To do:
Could you output each line below exactly as it appears, excluding any pictures?

Data below:
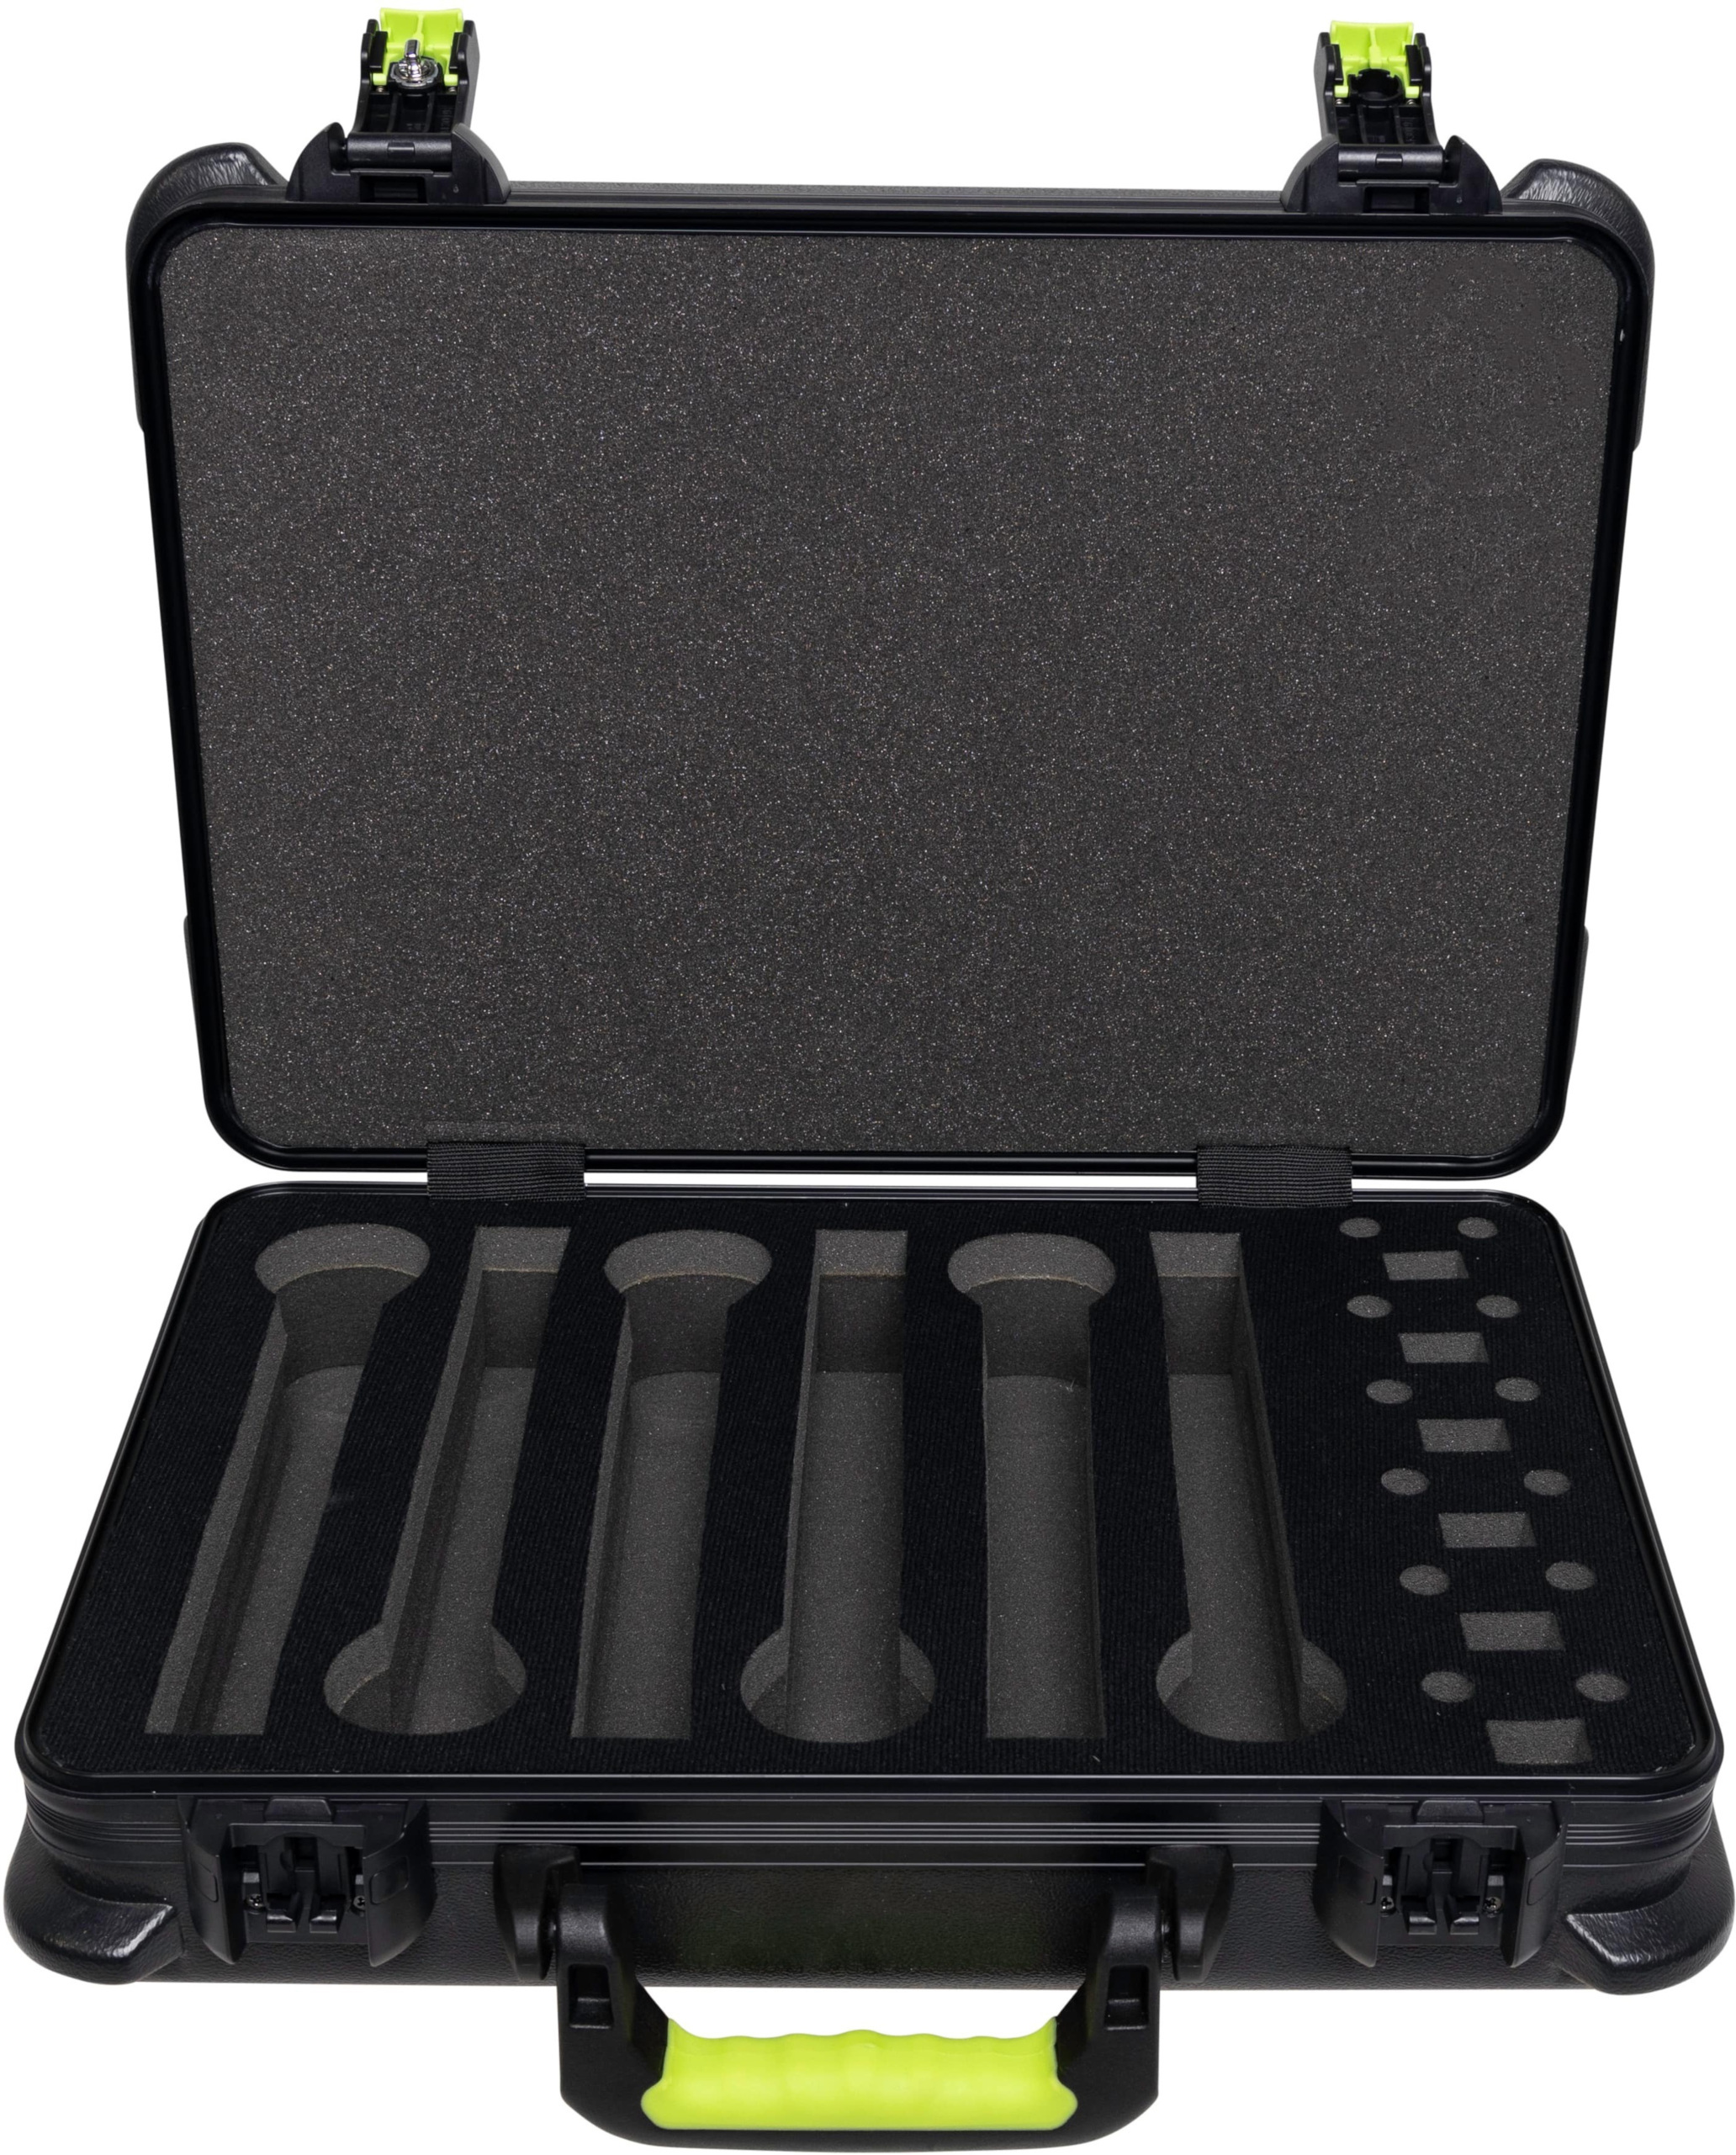 Gator Frameworks Mic Case W06 - Valise Pour 6 Micros Sans-fils - Microfoonkoffer - Main picture
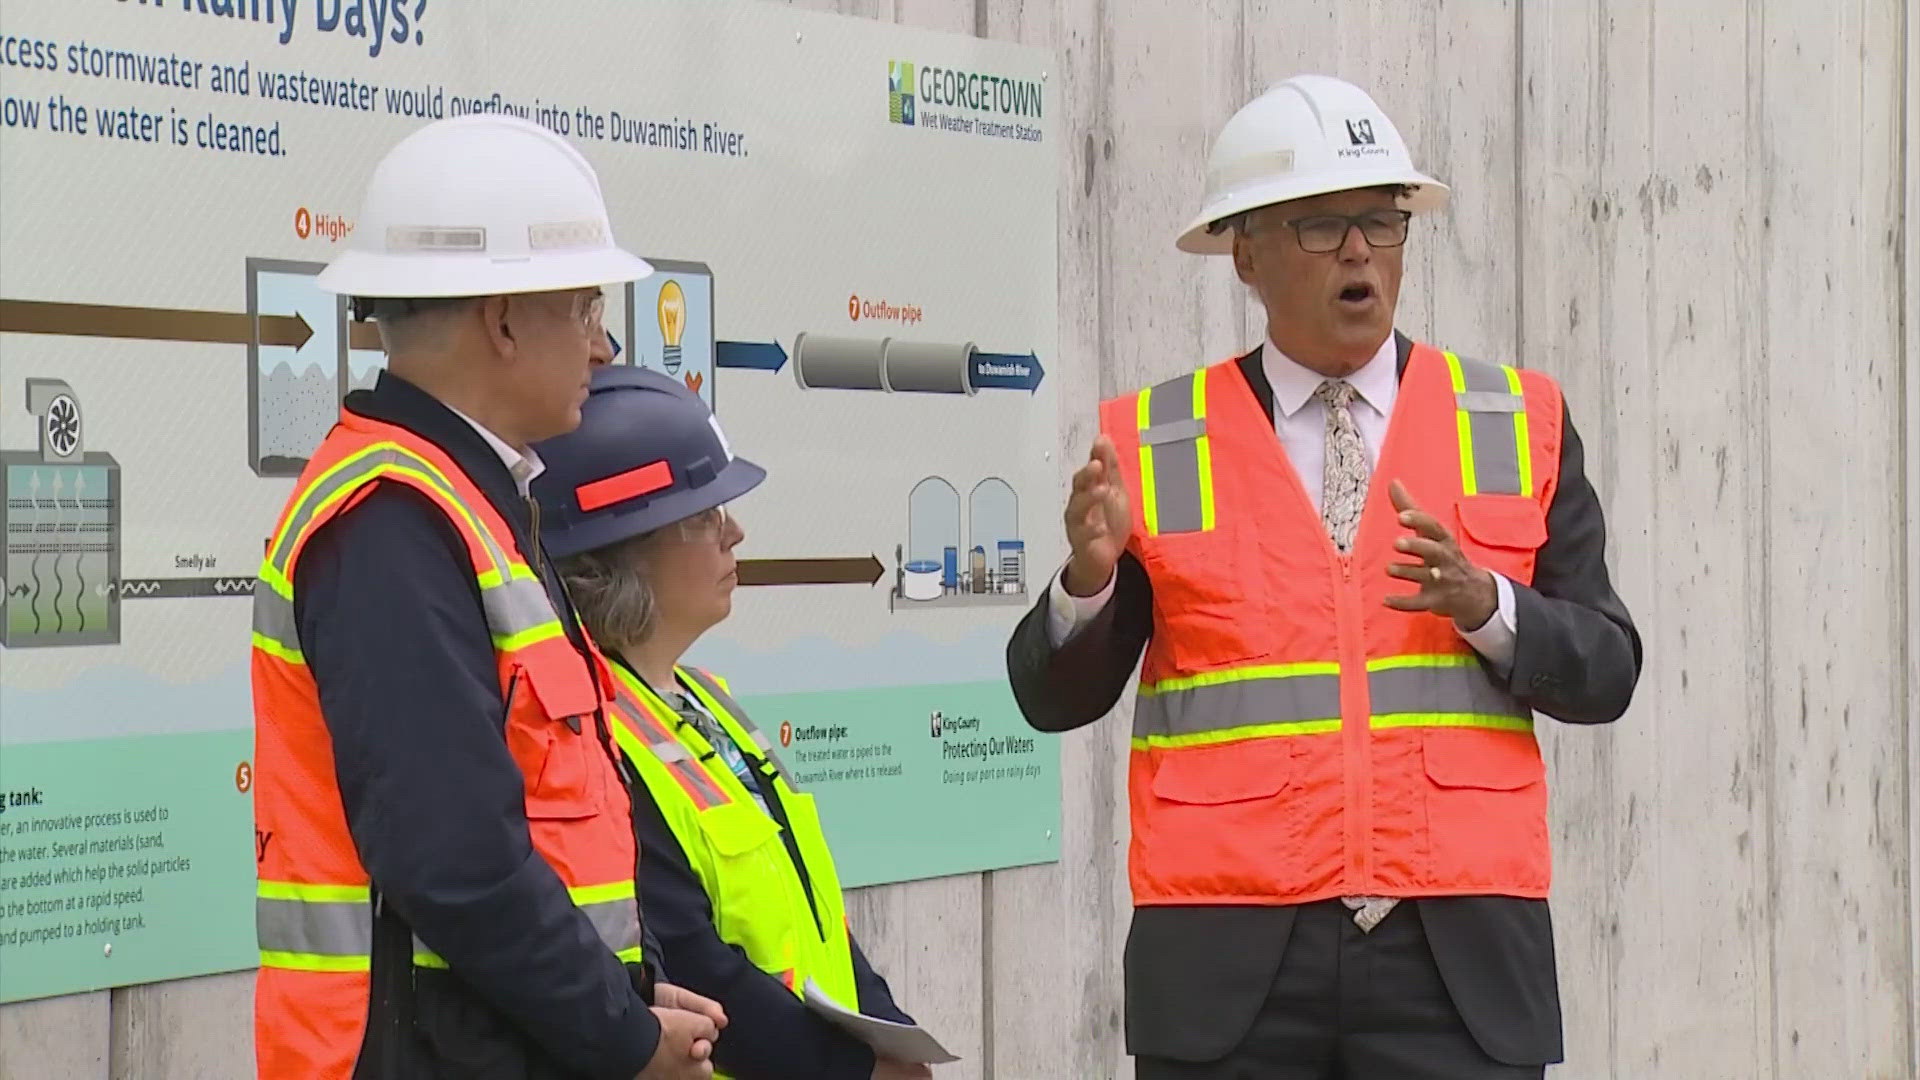 Gov. Jay Inslee joined King County officials Tuesday to tour the Georgetown Wet Weather Treatment Station.
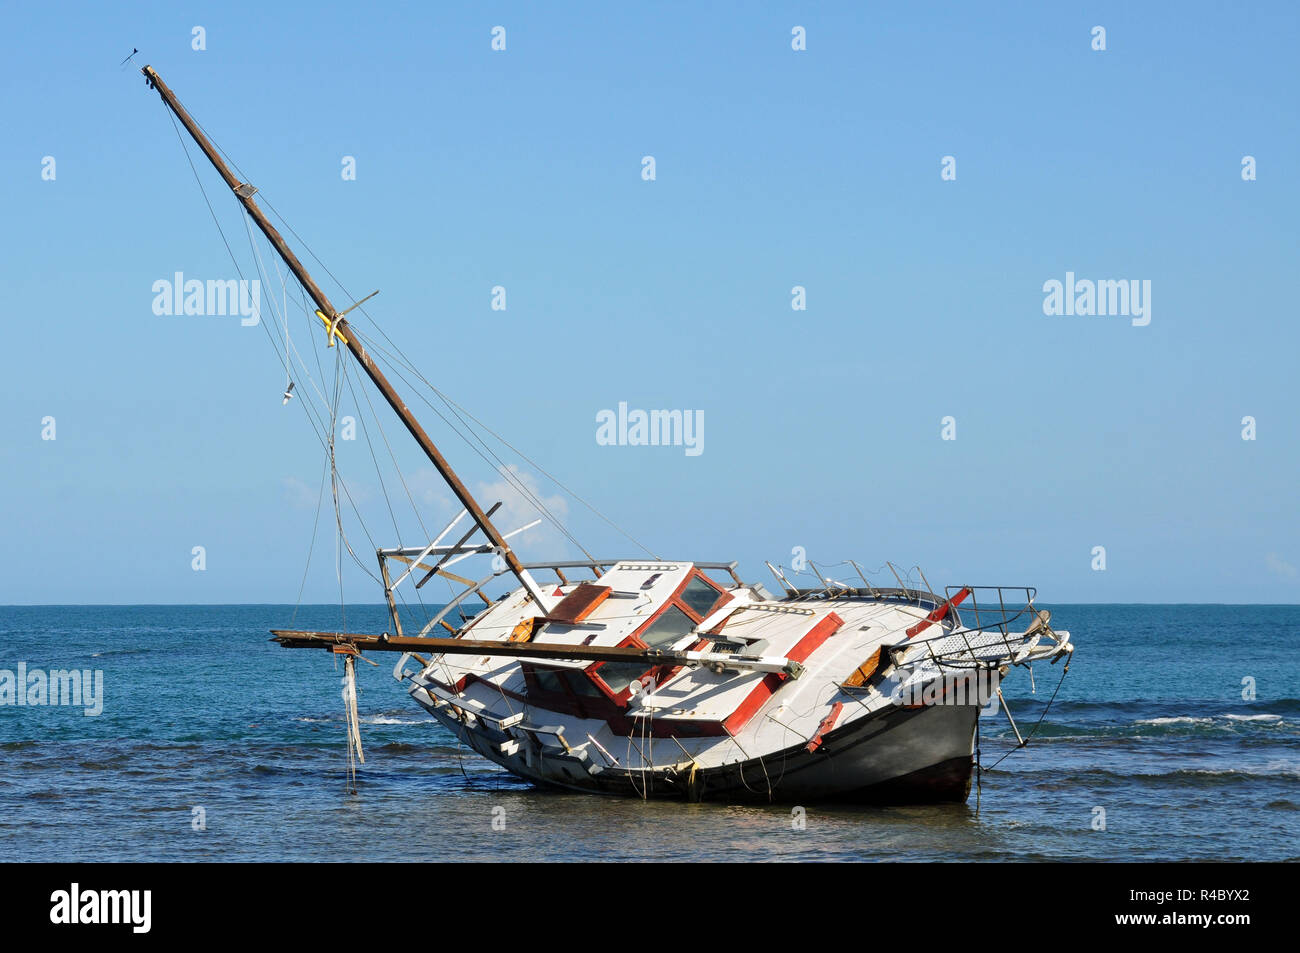 Sailboat run aground a Tipped Over Stock Photo

Your solution:
 Gator Frameworks Mic Case W06 - Valise Pour 6 Micros Sans-fils - Microfoonkoffer - Main picture
 Gov. Jay Inslee joined King County officials Tuesday to tour the Georgetown Wet Weather Treatment Station.
 Sailboat run aground a Tipped Over Stock Photo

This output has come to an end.